(Brief): Exclude images, then output the remaining data verbatim.
START Recorded information
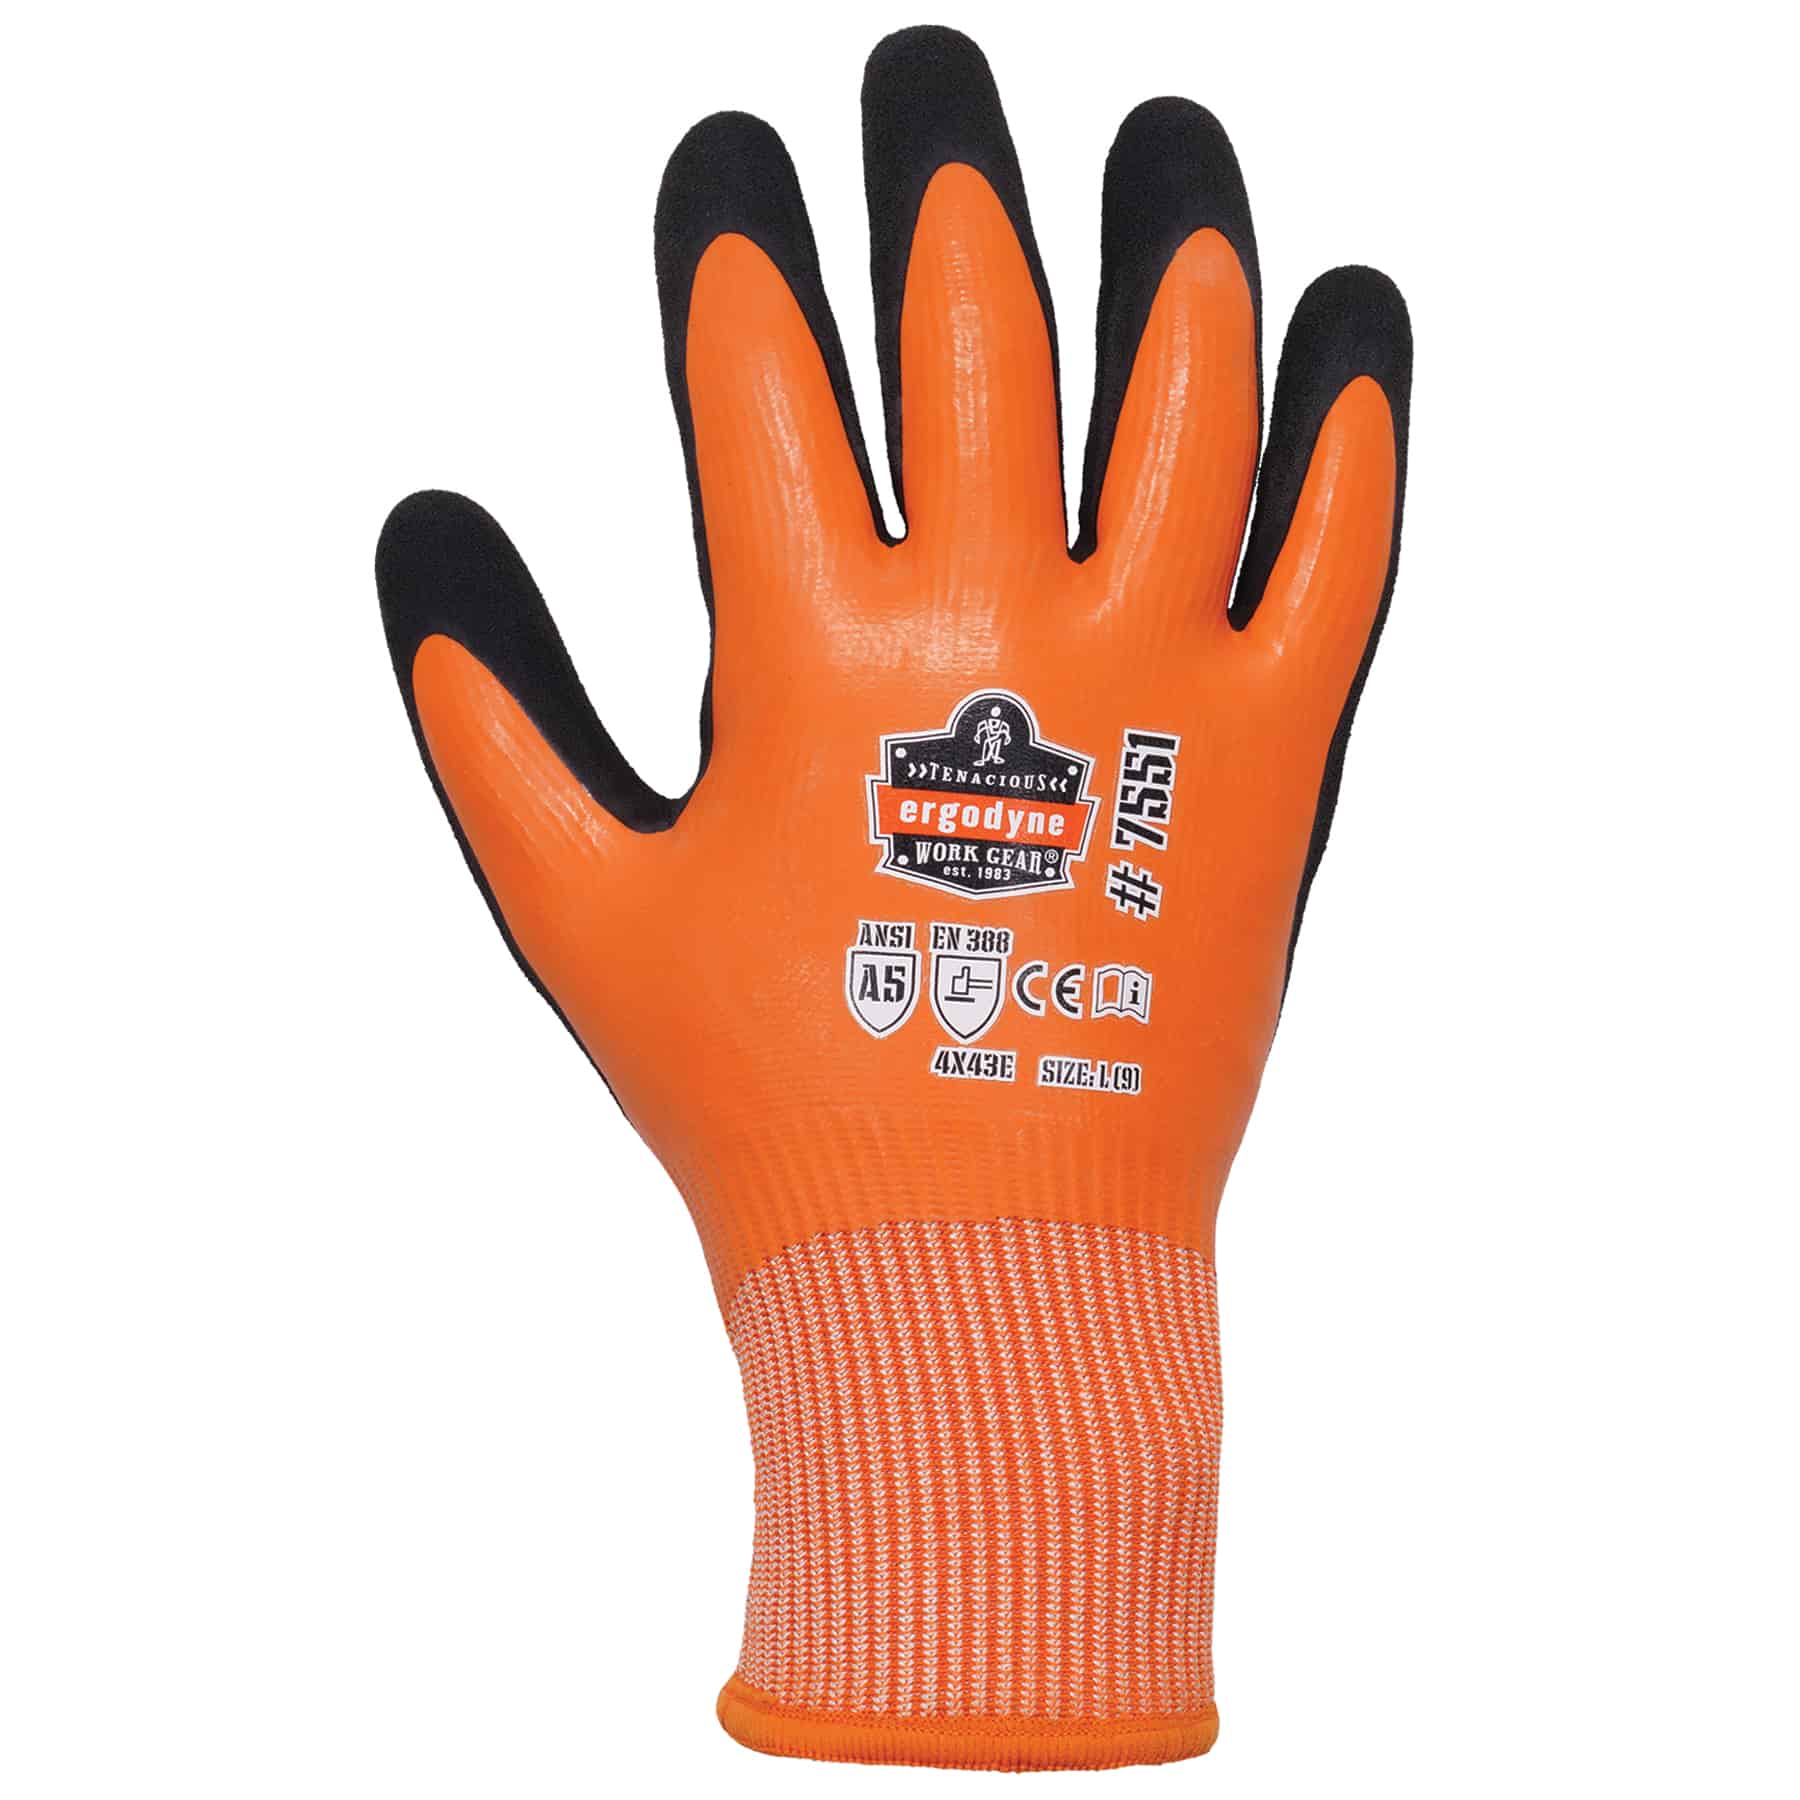  KANGLONGDA Waterproof Winter Work Gloves for Men and
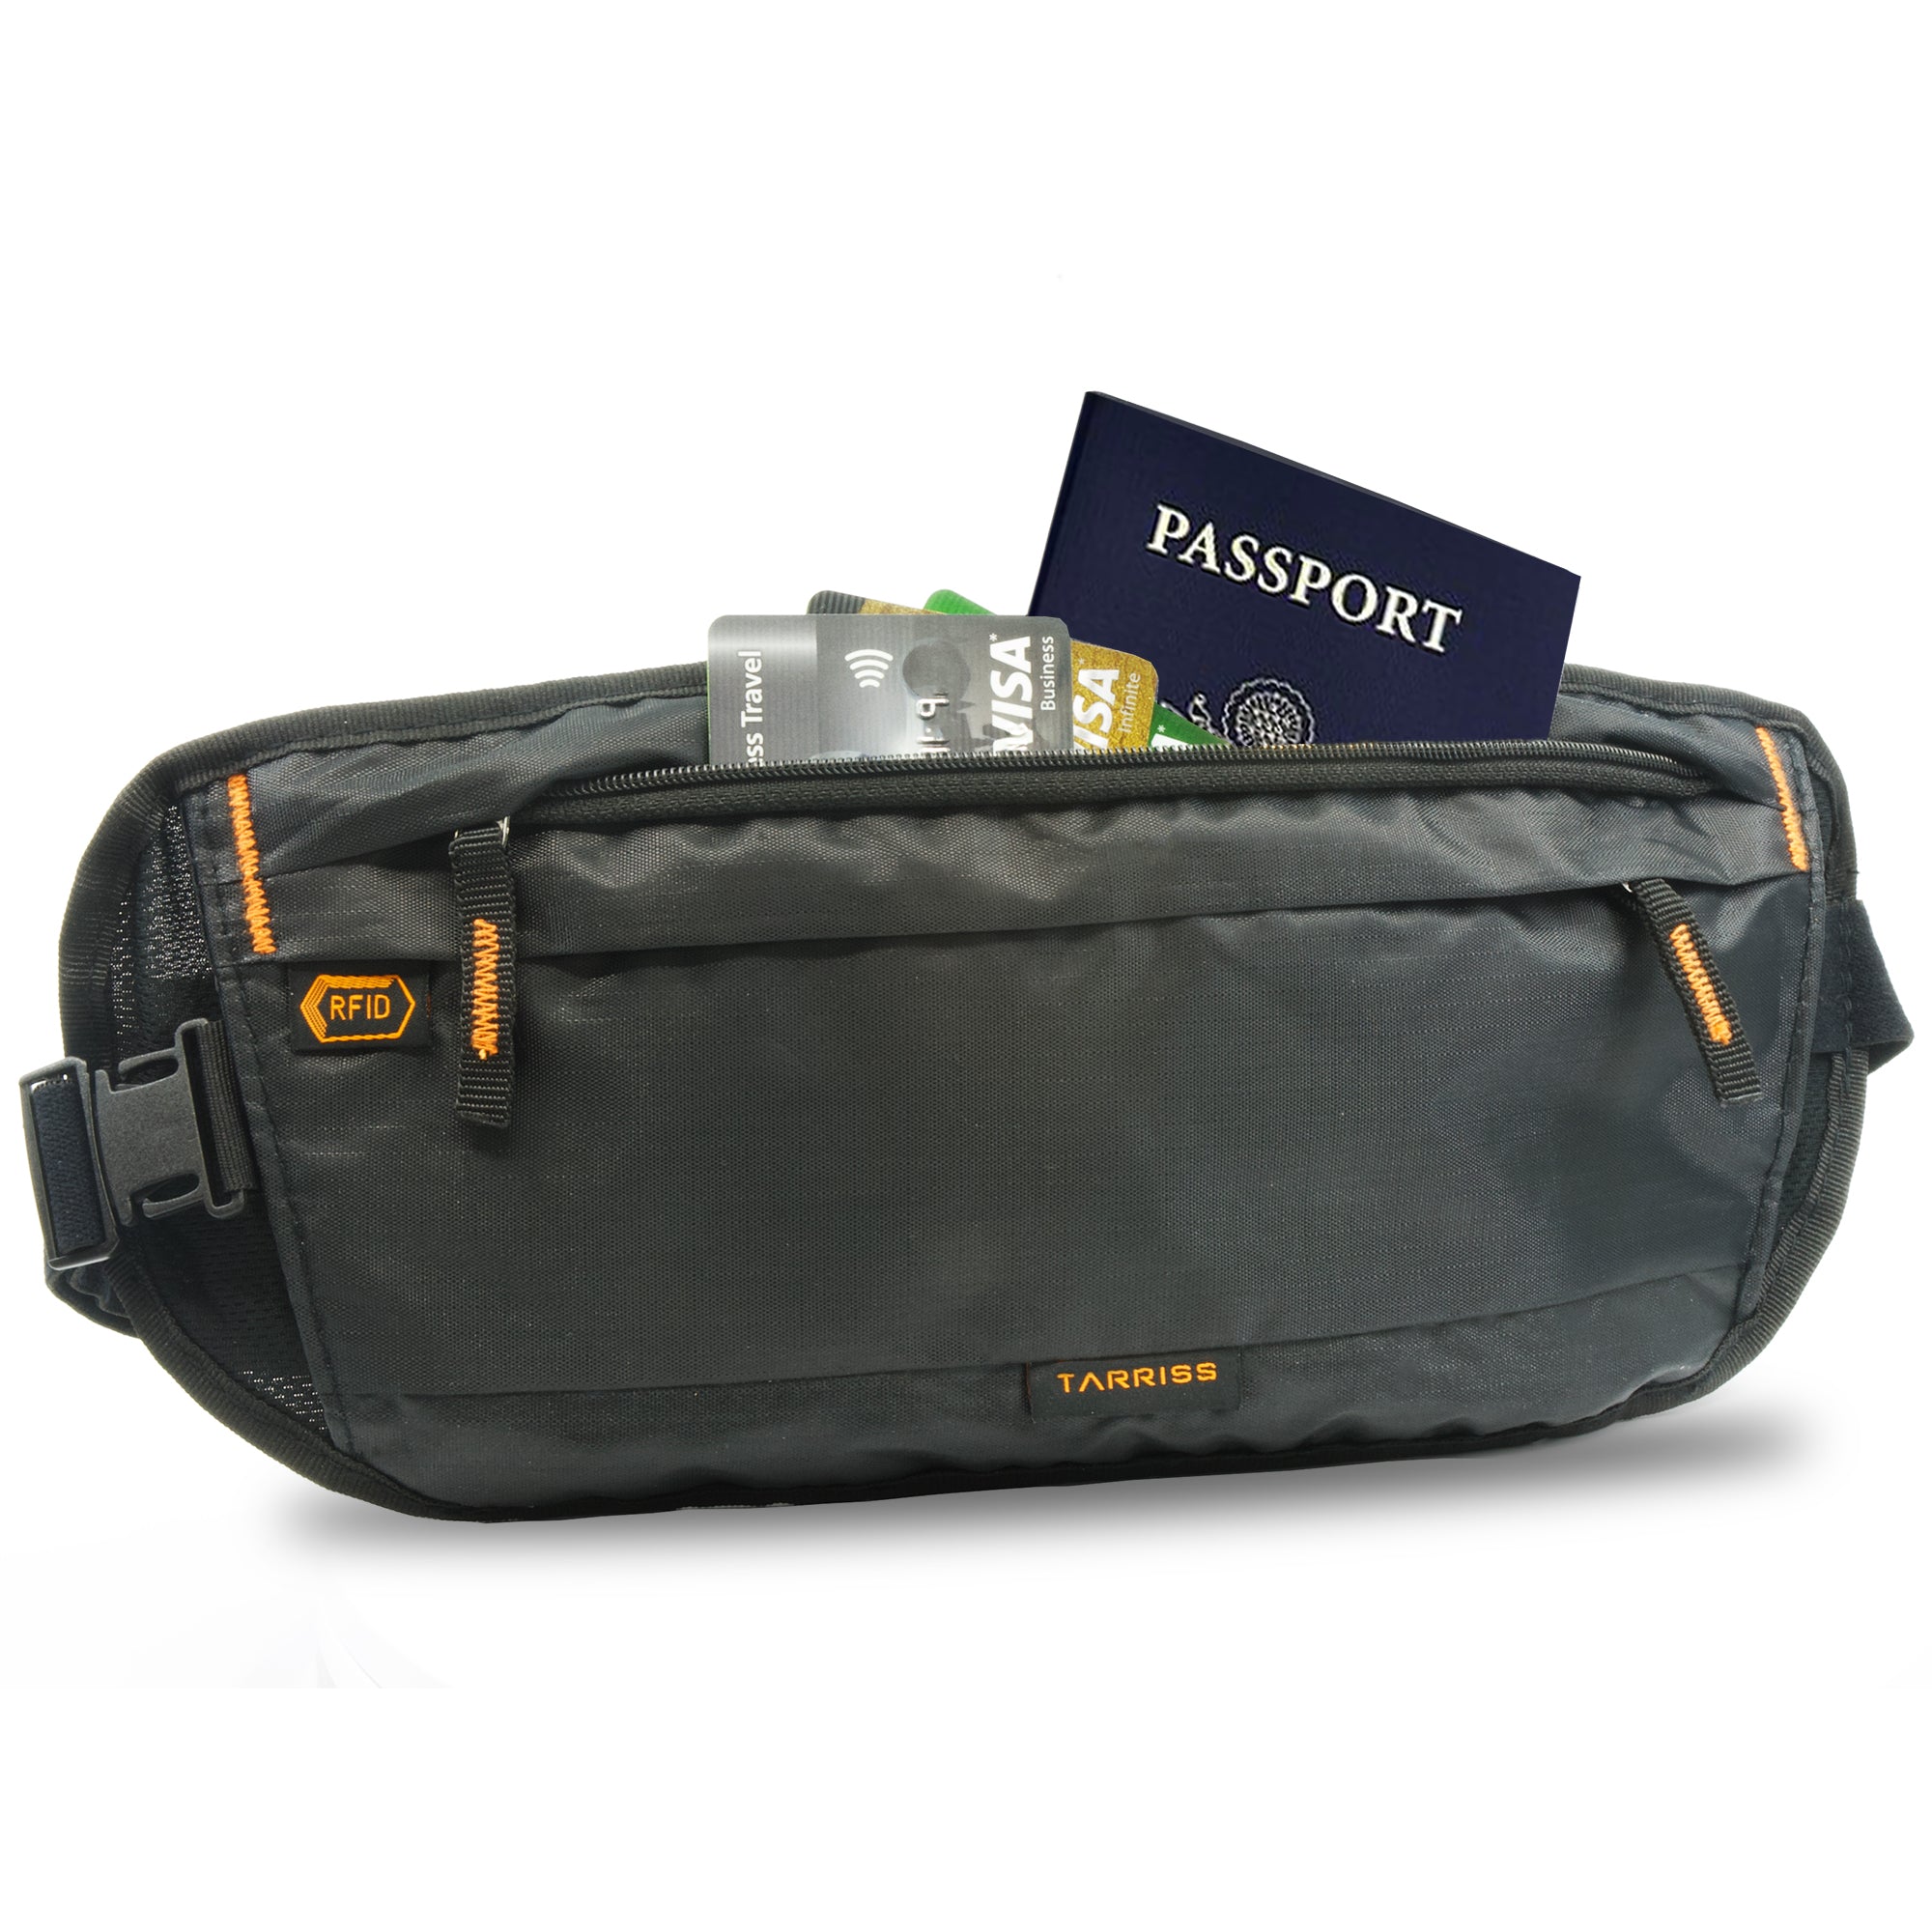 Passport Bag Travel Wallet with Shoulder Strap-Family Passport Holder of 5,  RFID Blocking Bag for Men Women, Travel for Flying - AliExpress
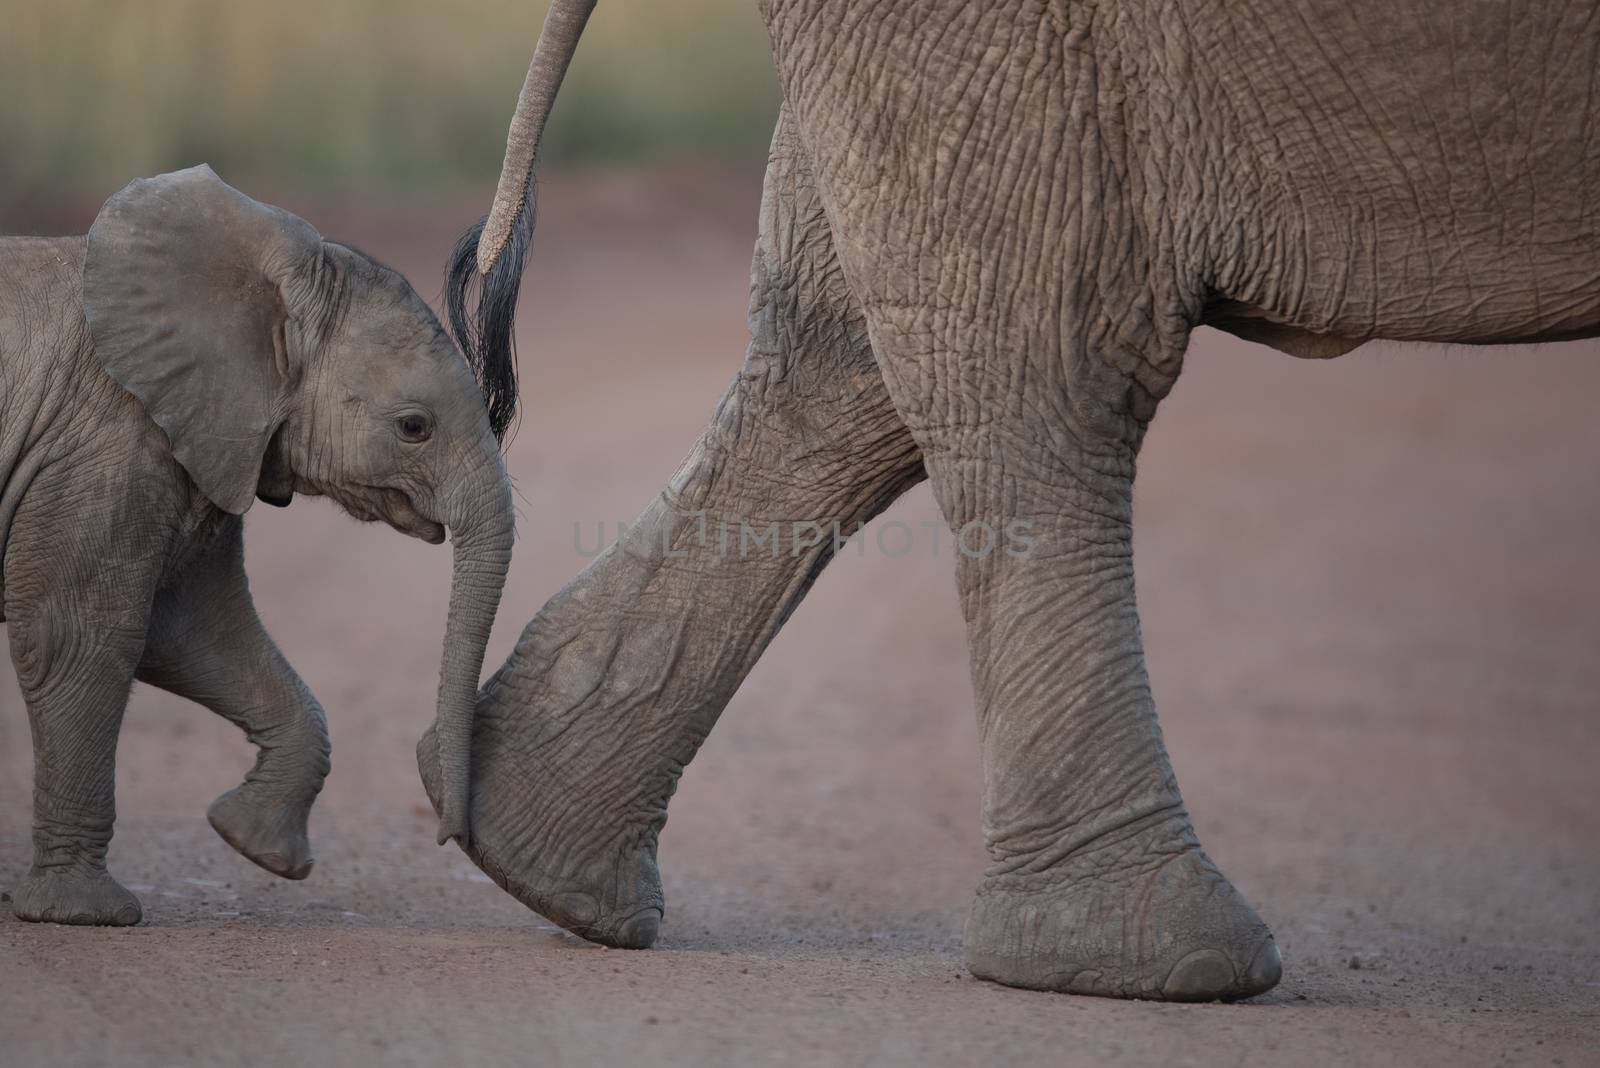 Elephant calf in the wilderness of Africa by ozkanzozmen
END Recorded information
(Task output):
  KANGLONGDA Waterproof Winter Work Gloves for Men and
 Passport Bag Travel Wallet with Shoulder Strap-Family Passport Holder of 5,  RFID Blocking Bag for Men Women, Travel for Flying - AliExpress
 Elephant calf in the wilderness of Africa by ozkanzozmen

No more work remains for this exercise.